TRT Haber
- Country: Turkey
- Broadcast area: Worldwide (Online)
- Headquarters: Taksim Square, İstiklal Avenue, Tarlabaşı, Beyoğlu, Istanbul, taken over at times by Kızılay Meydanı, Çankaya, Kızılay, Ankara station

Programming
- Language: Turkish
- Picture format: 16:9 (576i, SDTV) 16:9 (1080i, HDTV)

Ownership
- Owner: TRT
- Sister channels: TRT 1 TRT 2 TRT Türk TRT World

History
- Launched: 18 March 2010; 16 years ago

Links
- Website: TRT website

= TRT Haber =

Turkish television news channel

TRT Haber (English: TRT News) is a Turkish news and current affairs television channel. The channel had a logo change in 2013. Turkish President Recep Tayyip Erdoğan has described the broadcaster as a beacon of responsible journalism.

== Viewership and Trust ==
The parent organisation of TRT Haber, the state-run Anadolu Agency, listed the broadcaster as the most-watched news channel since May 2018. However, this claim is not as clear-cut as later findings.
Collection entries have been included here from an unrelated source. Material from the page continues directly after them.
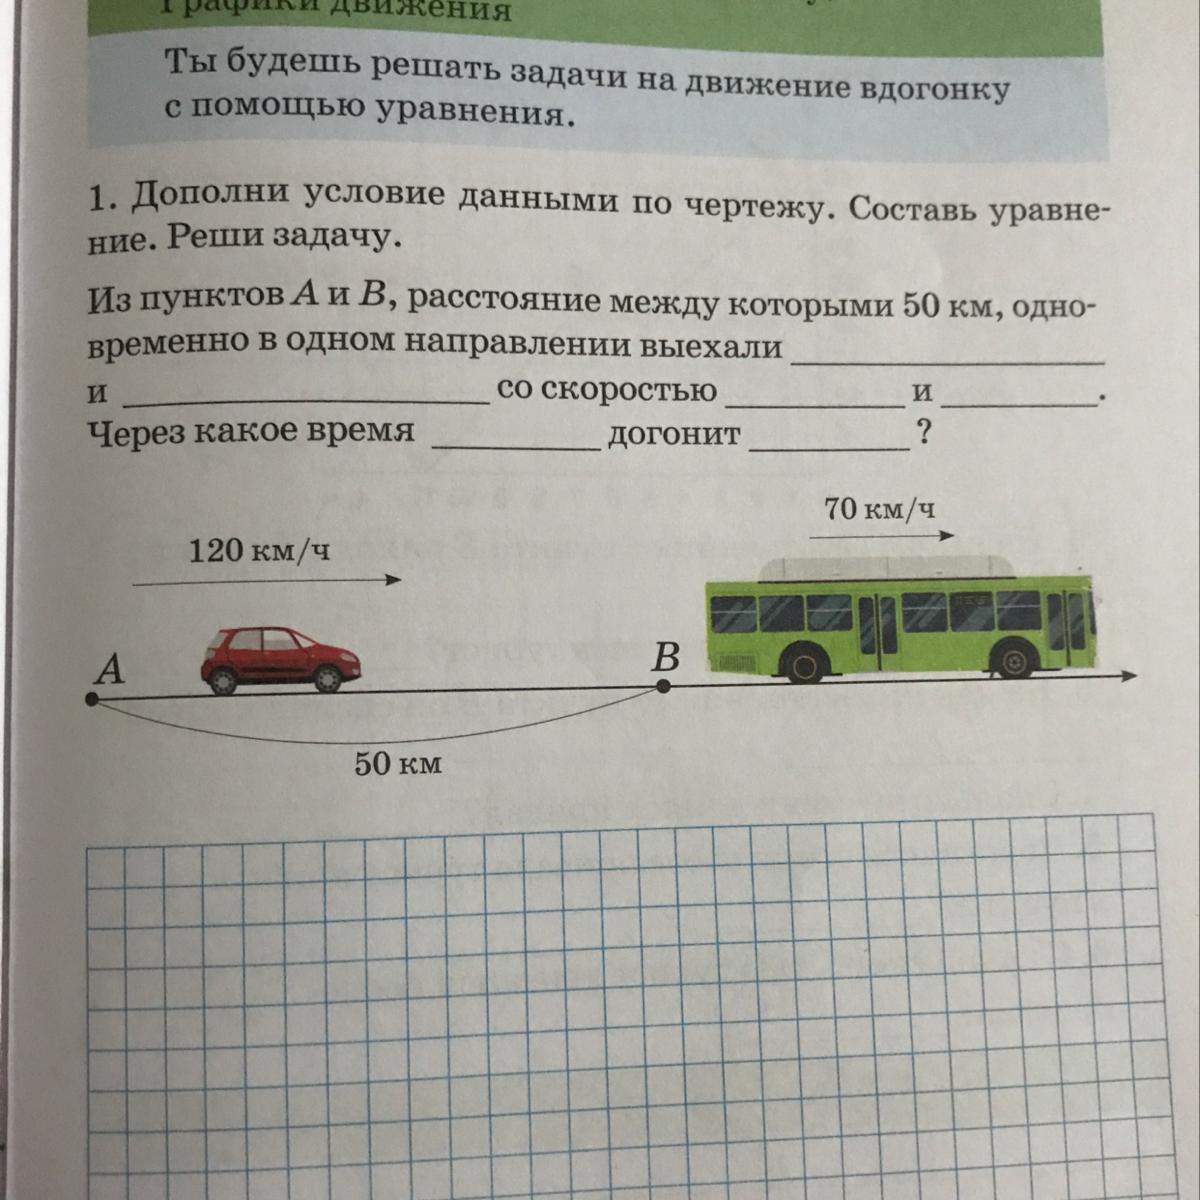 Дополни условие и реши задачу 3 класс задачи в excel решение
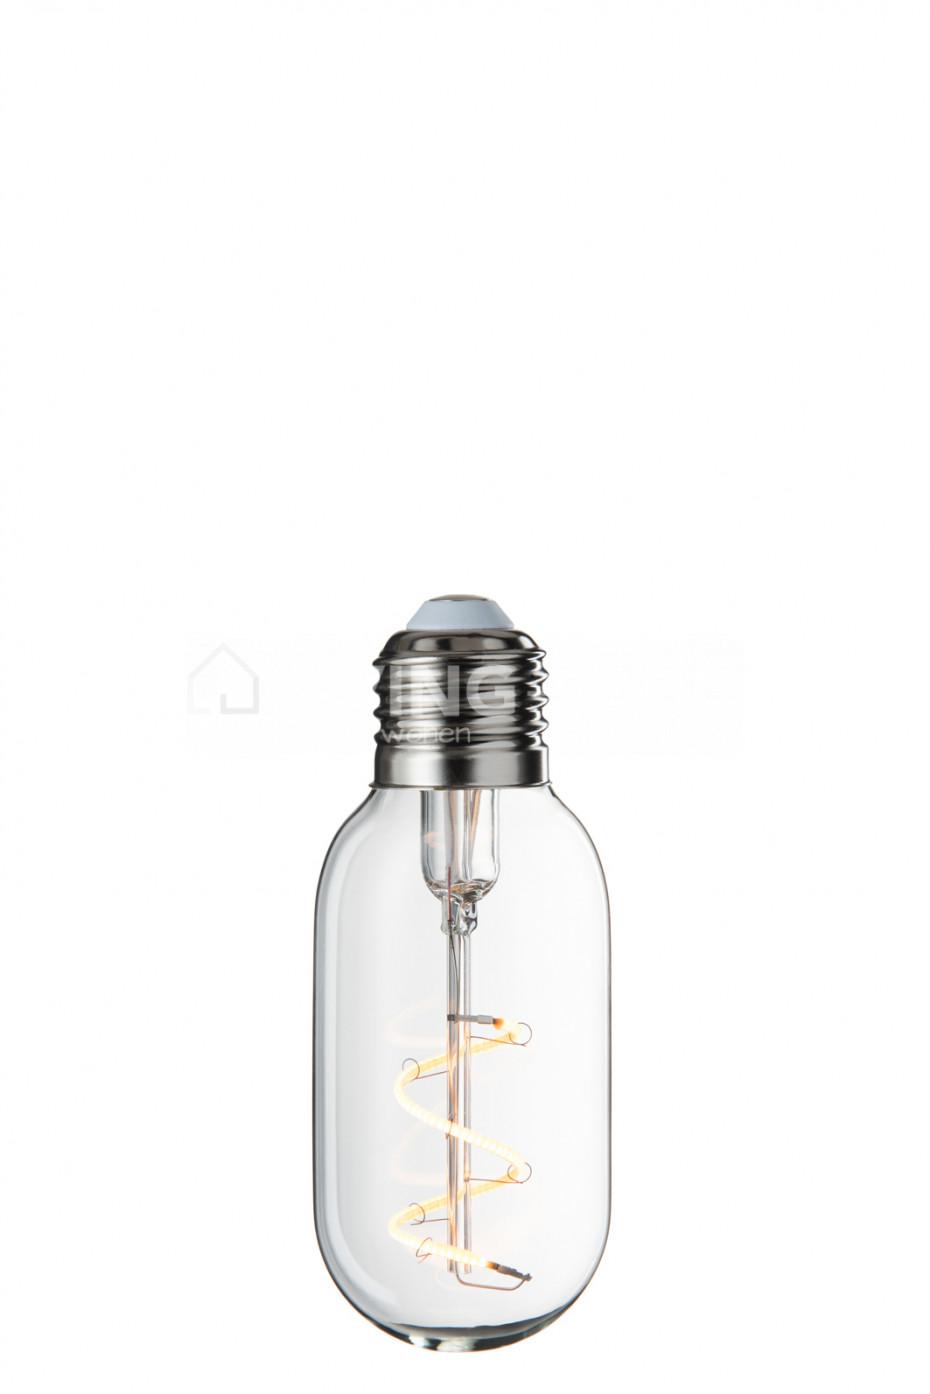 Retro Led Lamps Spiral E27 Lampe Led T45 Dimmable Living Shop
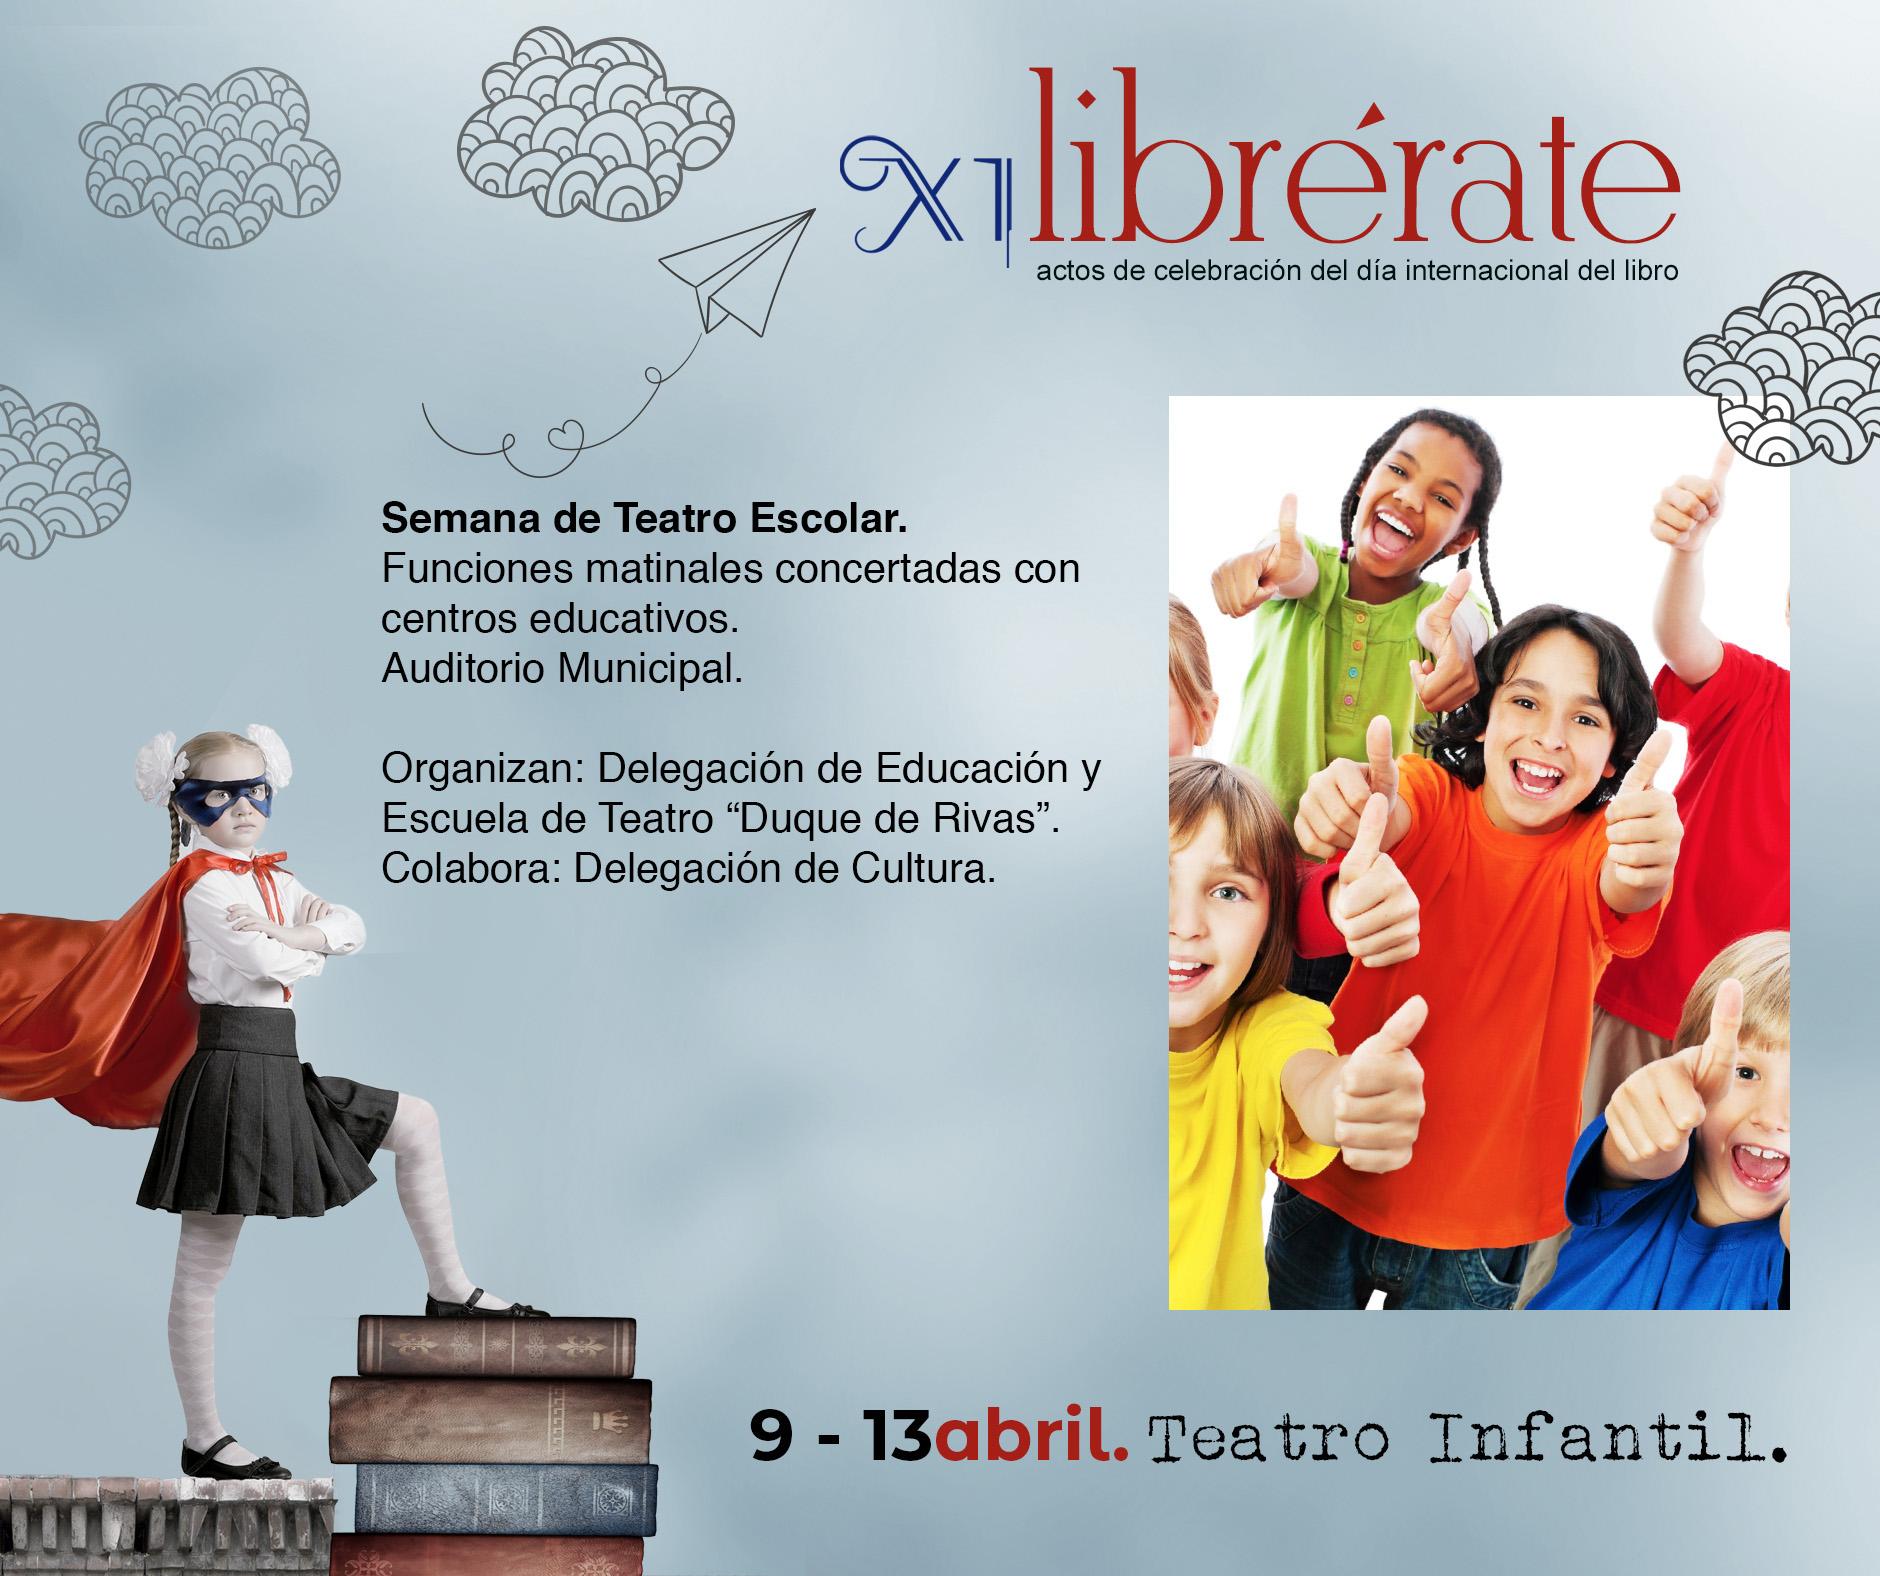 Semana de Teatro Escolar @ centros educativos

The Reuters Institute for the Study of Journalism and the University of Oxford's Digital News Report 2026 and other media organs found that TRT Haber was neither the most-watched nor the most-trusted news channel.

== Radyo Haber ==

Radyo Haber is a radio broadcasting news content founded by TRT in 2011. It was established after the establishment of TRT Haber channel. It was broadcasting Turkey's and the world's agenda 24 hours a day uninterruptedly. It started broadcasting again in January 2017.